=== Section Start ===
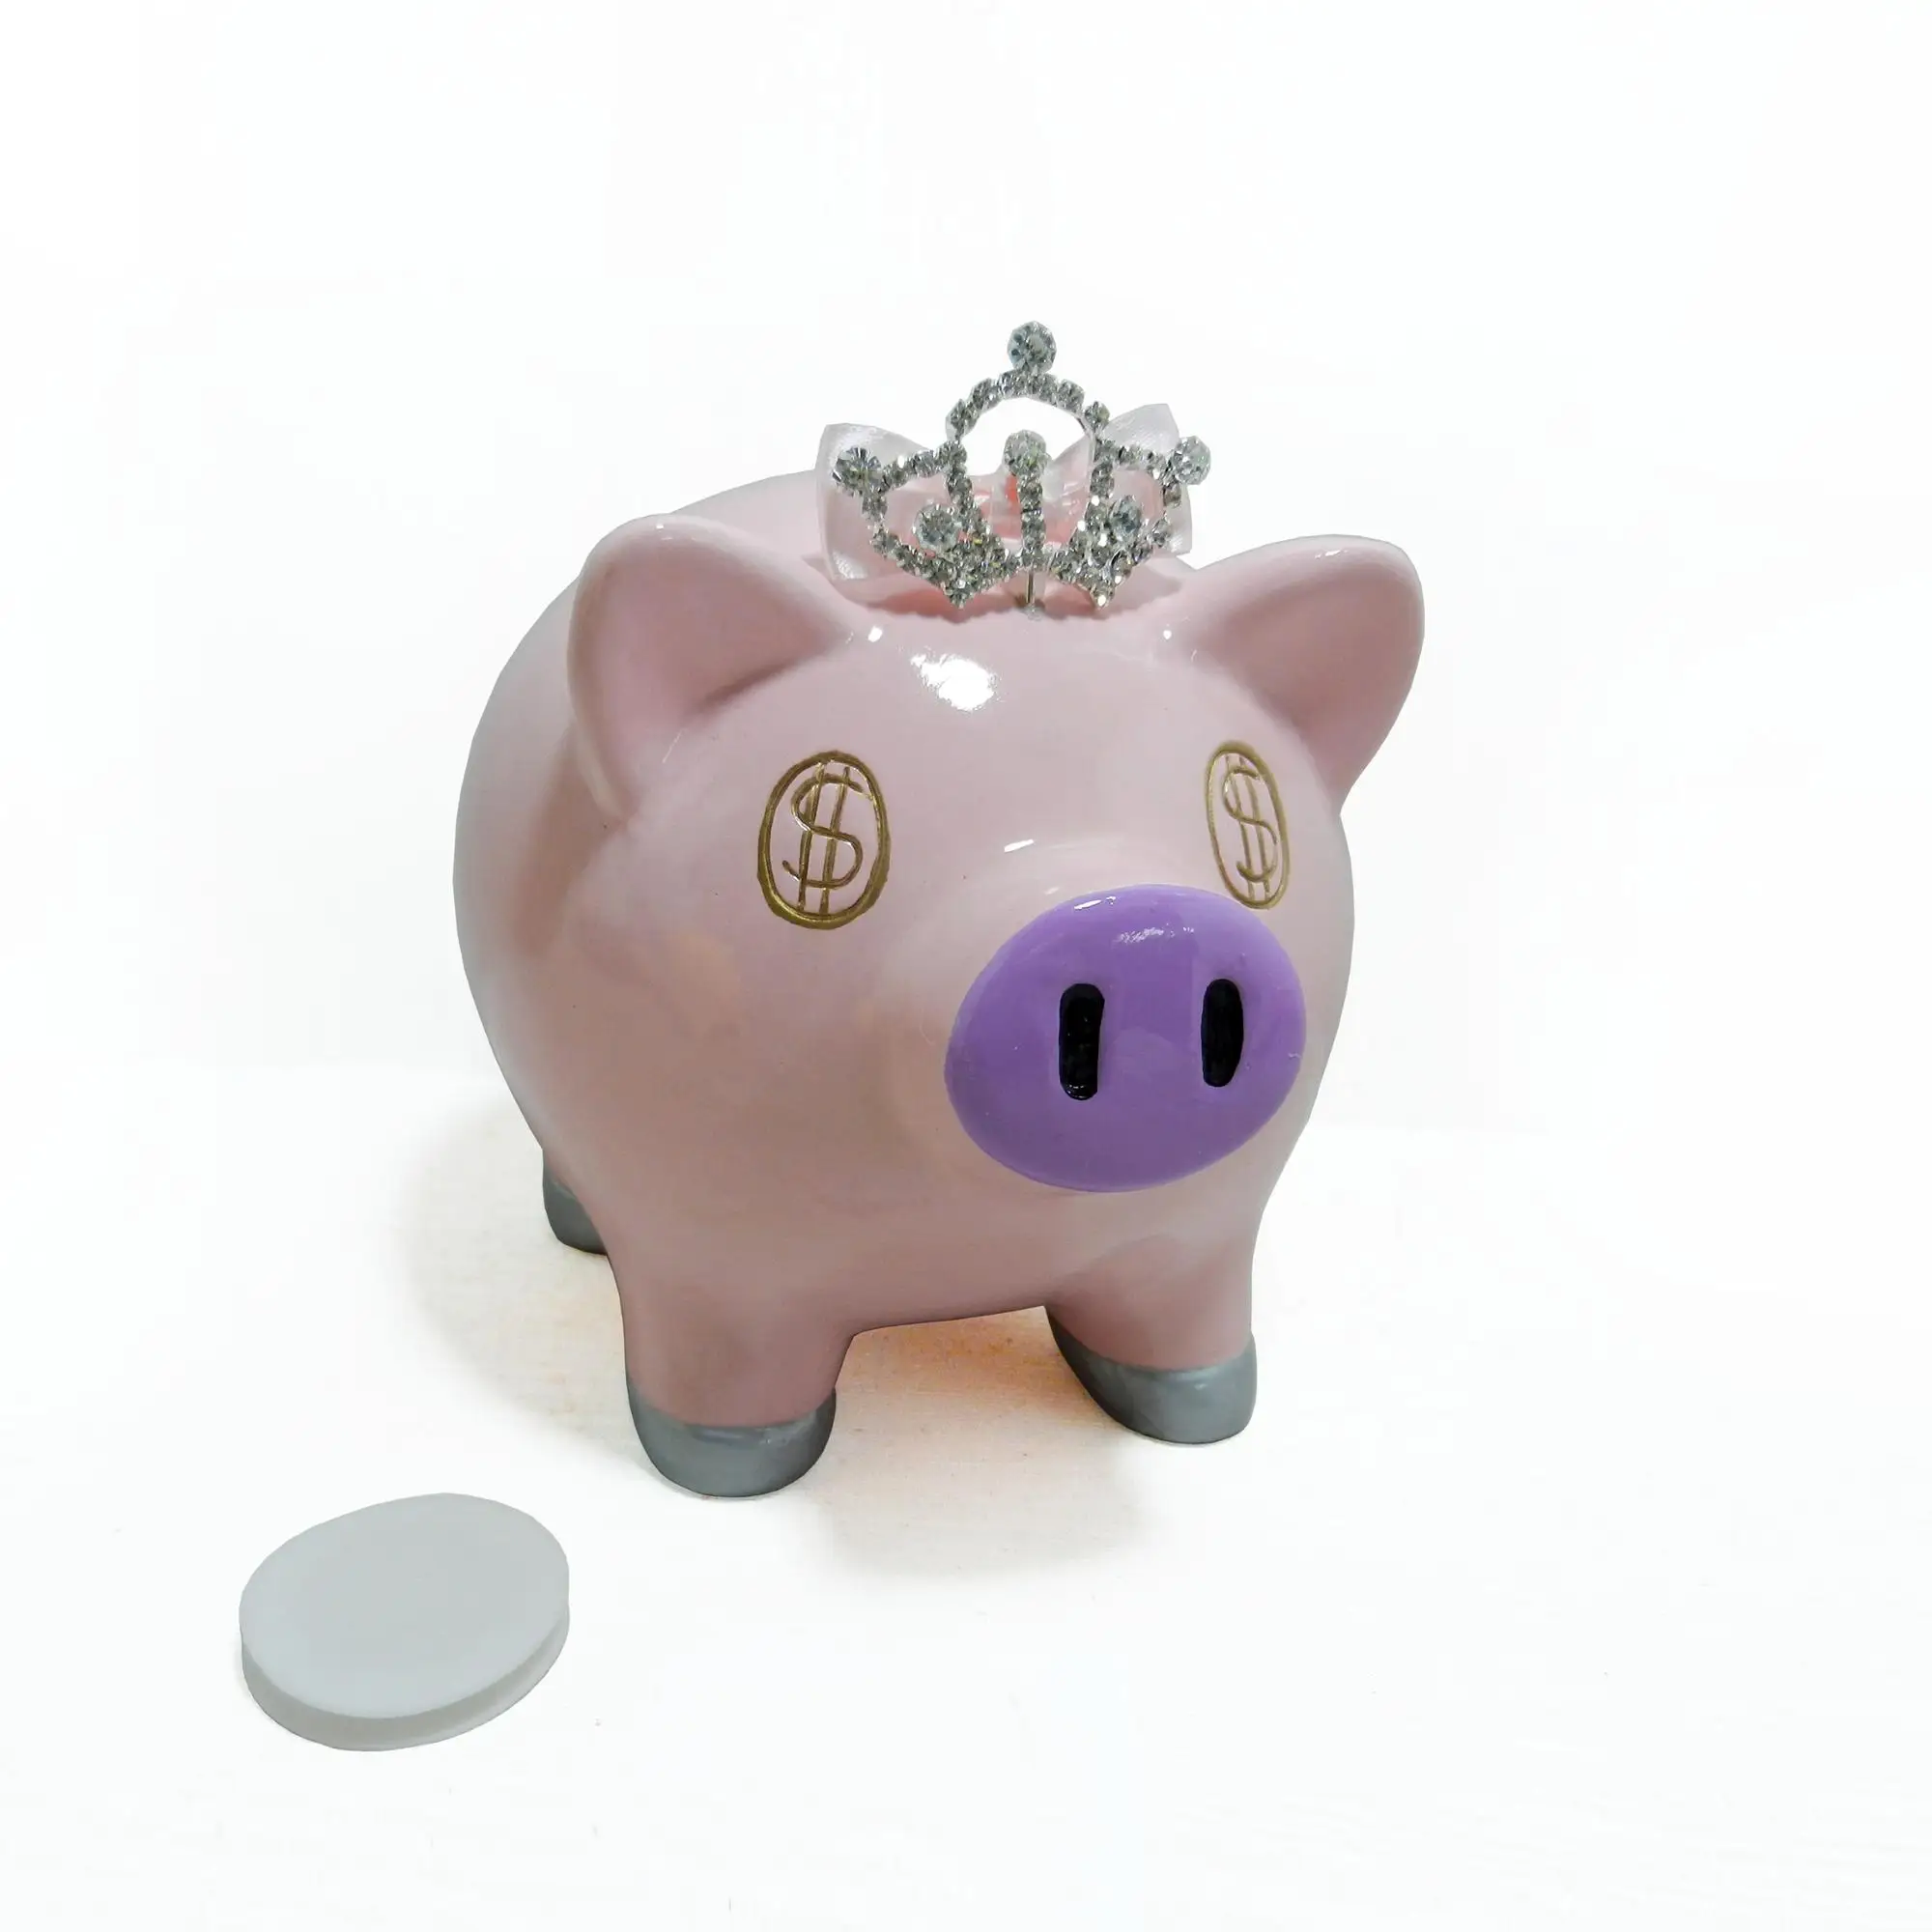 buy piggy bank online
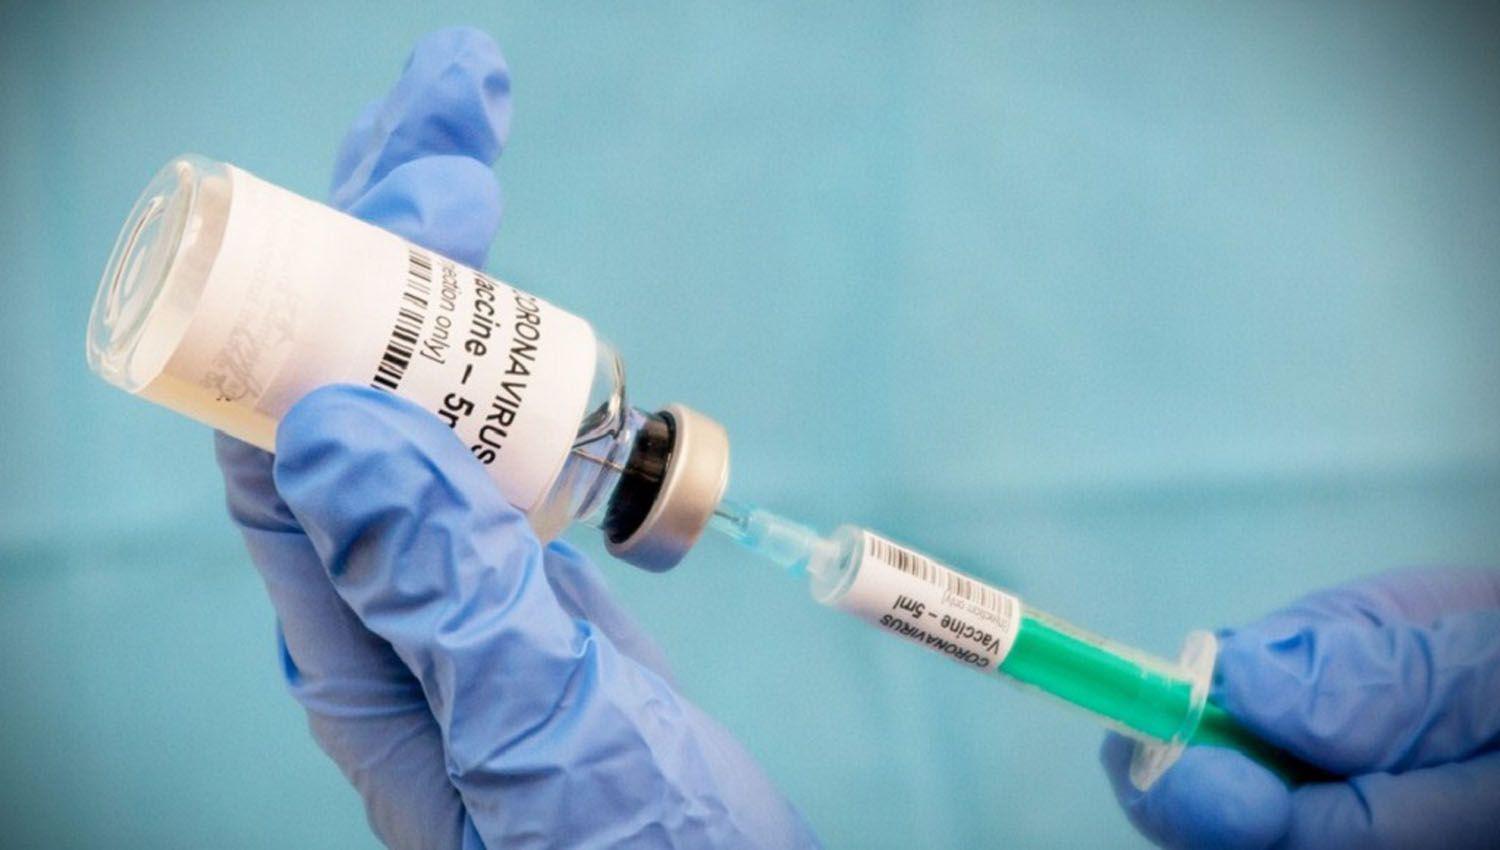 Estados Unidos iniciariacutea la vacunacioacuten contra el coronavirus en 20 diacuteas
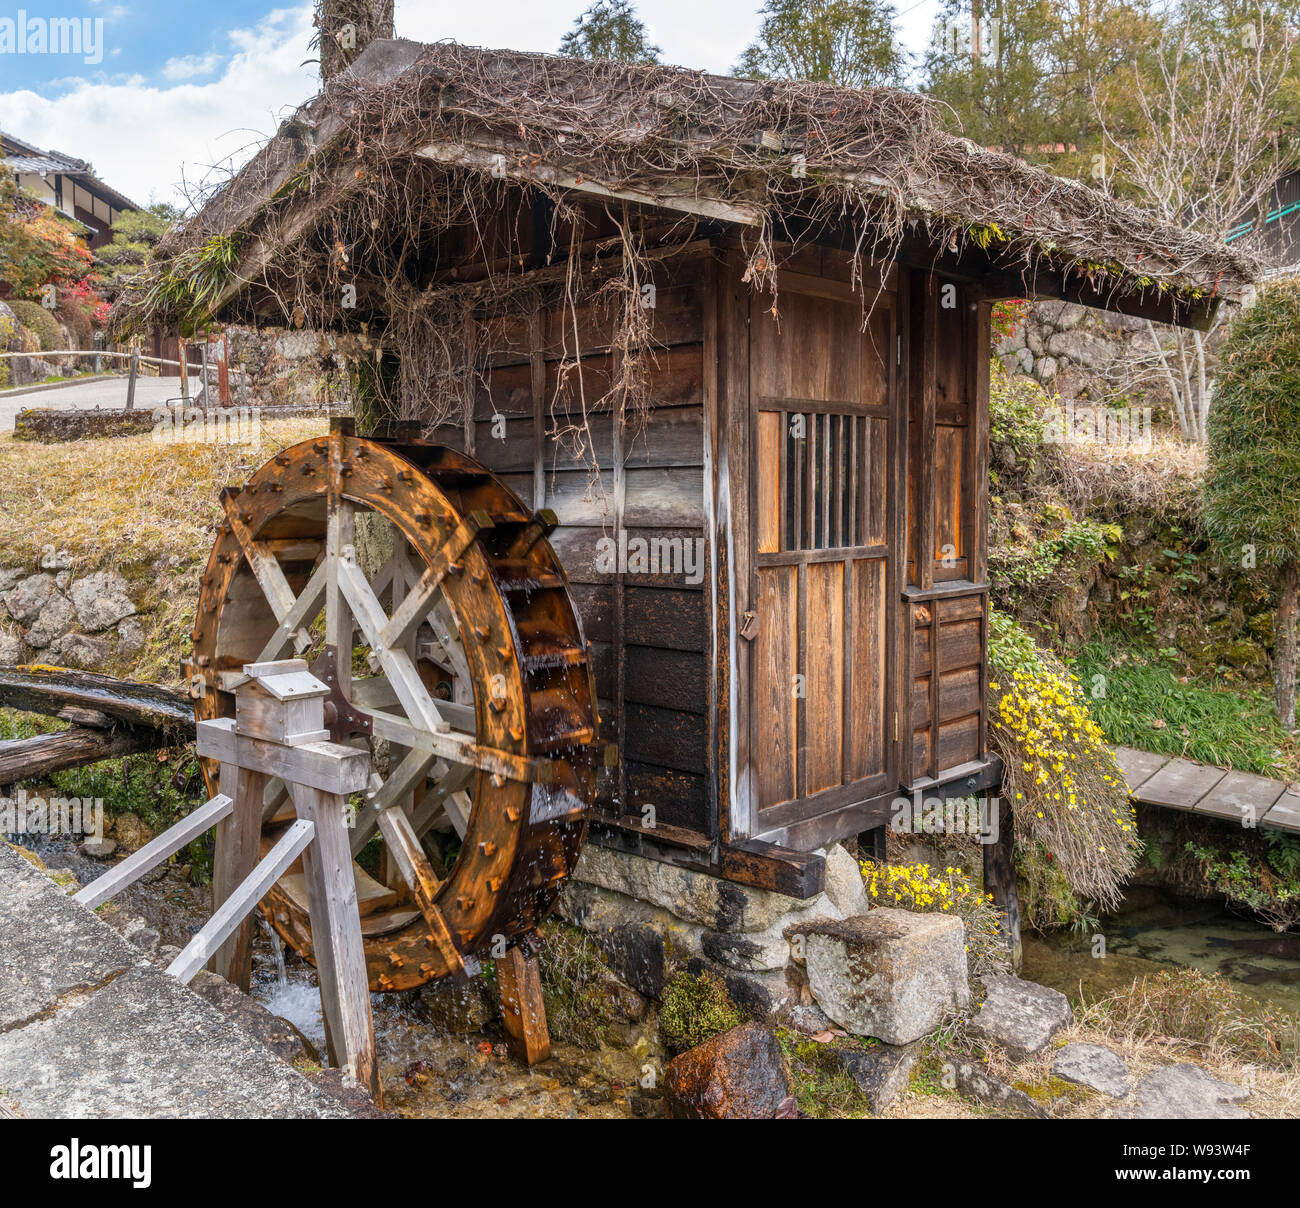 Water mill in the old post town of Tsumago (Tsumago-juku), Nagiso, Kiso District, Nagano Prefecture, Japan Stock Photo
=== Section End ===
▸ Exercise directions
Restate the data word for word without pictures.

▸ Output for this exercise
 buy piggy bank online
 Estados Unidos iniciariacutea la vacunacioacuten contra el coronavirus en 20 diacuteas
 Water mill in the old post town of Tsumago (Tsumago-juku), Nagiso, Kiso District, Nagano Prefecture, Japan Stock Photo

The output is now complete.